Genomic resources repository (GRR)
Introduction
Genomic Resource Repository (GRR) is a collection of genomic resources, like reference genomes, gene models, etc. One can use one or more GRRs at the same time. By default (or without any configuration), you will use the public GRR build by Iossifov lab and accessible through https://storage.googleapis.com/iossifovlab-grr/.
Note
To browse the conent of the default GRR follow this link: https://storage.googleapis.com/iossifovlab-grr/index.html
If you want to use additional genomic resources, you can build your own GRR (see Management of GRR below) and add it to the GRRs you use.

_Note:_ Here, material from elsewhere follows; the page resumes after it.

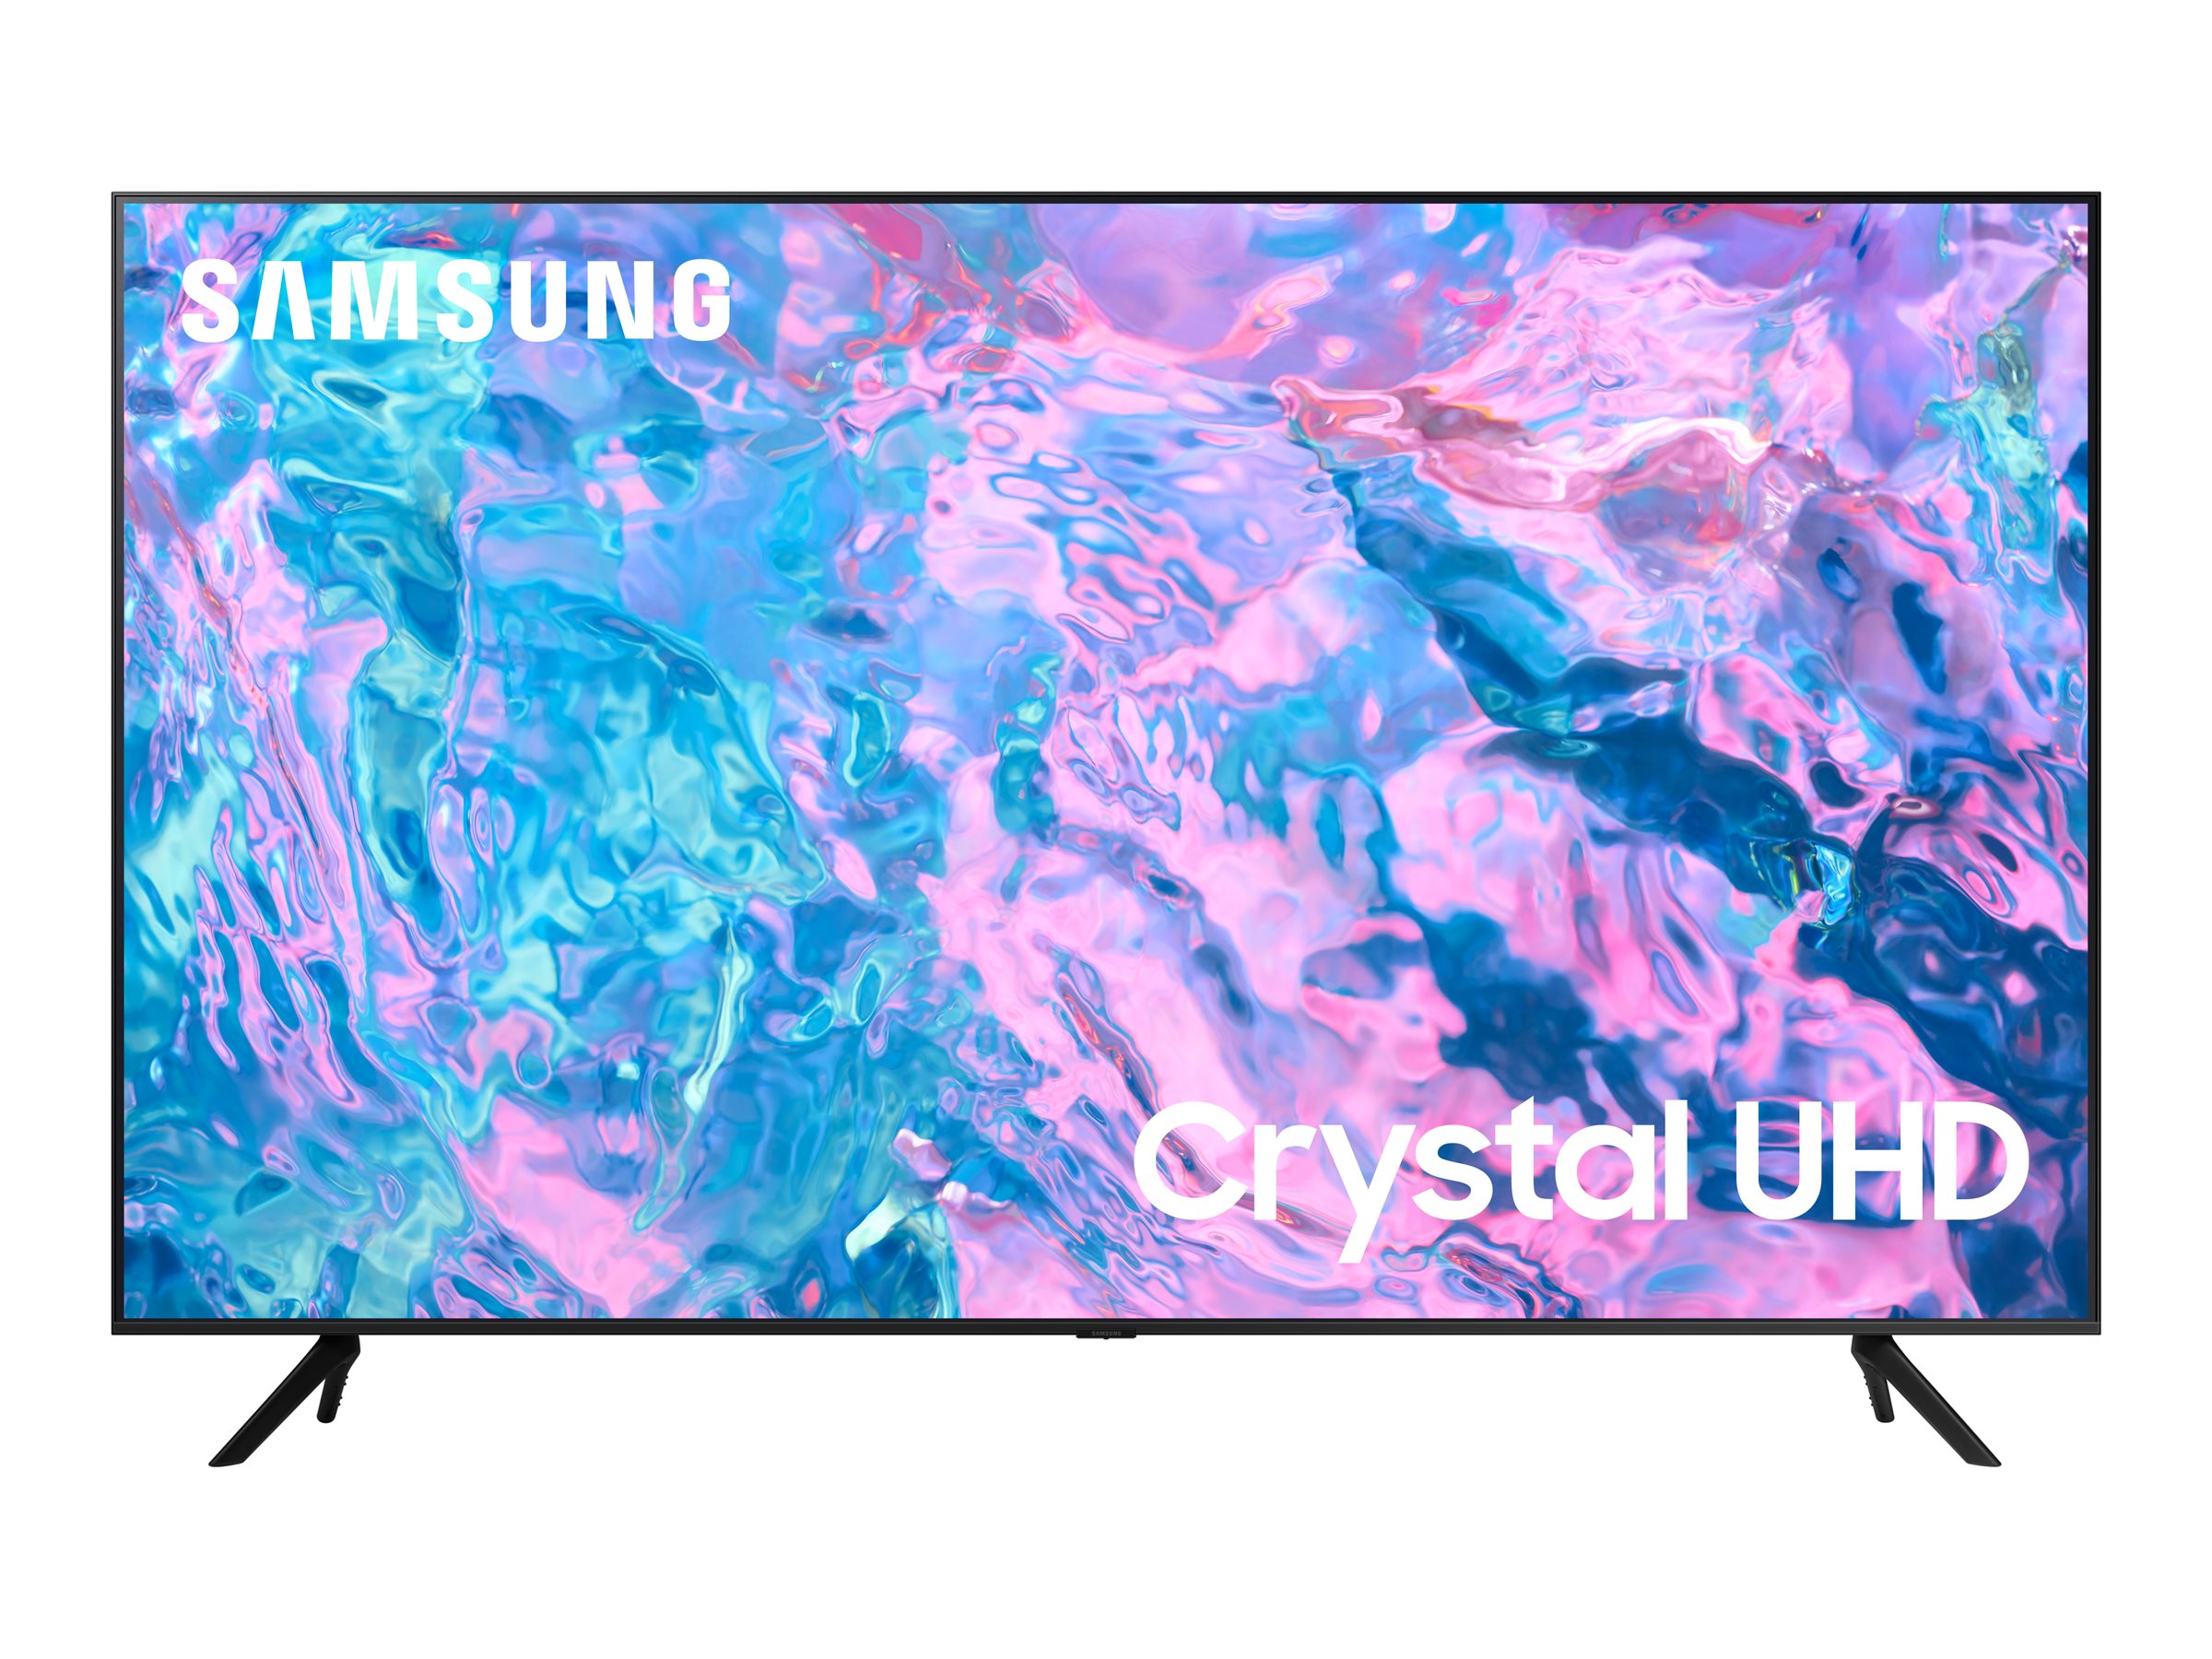 Samsung HG65CU700EU - Classe de diagonale 65" HCU7000 Series TV LCD rétro-éclairée par LED - Crystal UHD - hôtel / hospitalité - Tizen OS - 4K UHD (2160p) 3840 x 2160 - HDR - noir - HG65CU700EUXEN - Télévisions et écrans pour le secteur de l'hôtellerie

The set of GRR that are accessible can be configured in several ways.
To configure the GRRs to be used by default for your user you can create the file ~/.grr_definition.yaml. An example of what the contents of this file can be is:
id: "development"
type: group
children:
- id: "grr_local"
type: "directory"
directory: "~/my_grr"
- id: "default"
type: "url"
url: "https://storage.googleapis.com/iossifovlab-grr/"
cache_dir: "~/default_grr_cache"
This configures a group of two repositories with ids the ‘grr_local’ and the ‘default’. When you search for a resource, the system will first try to find in the grr_local repository, because it is listed first and, if it doesn’t find it there, it will try the default GRR. The default GRR is a remote GRR at the given URL and its configuration specified that resources used from it will be cached in the “~/default_grr_cache” directory. It is significantly faster to use cached resources, but it takes some time to cache them the first time they are used and they occupy substantial disk space.
Alternatively, the system will use GRR configuration file pointed to by the GRR_DEFINITION_FILE environment variable.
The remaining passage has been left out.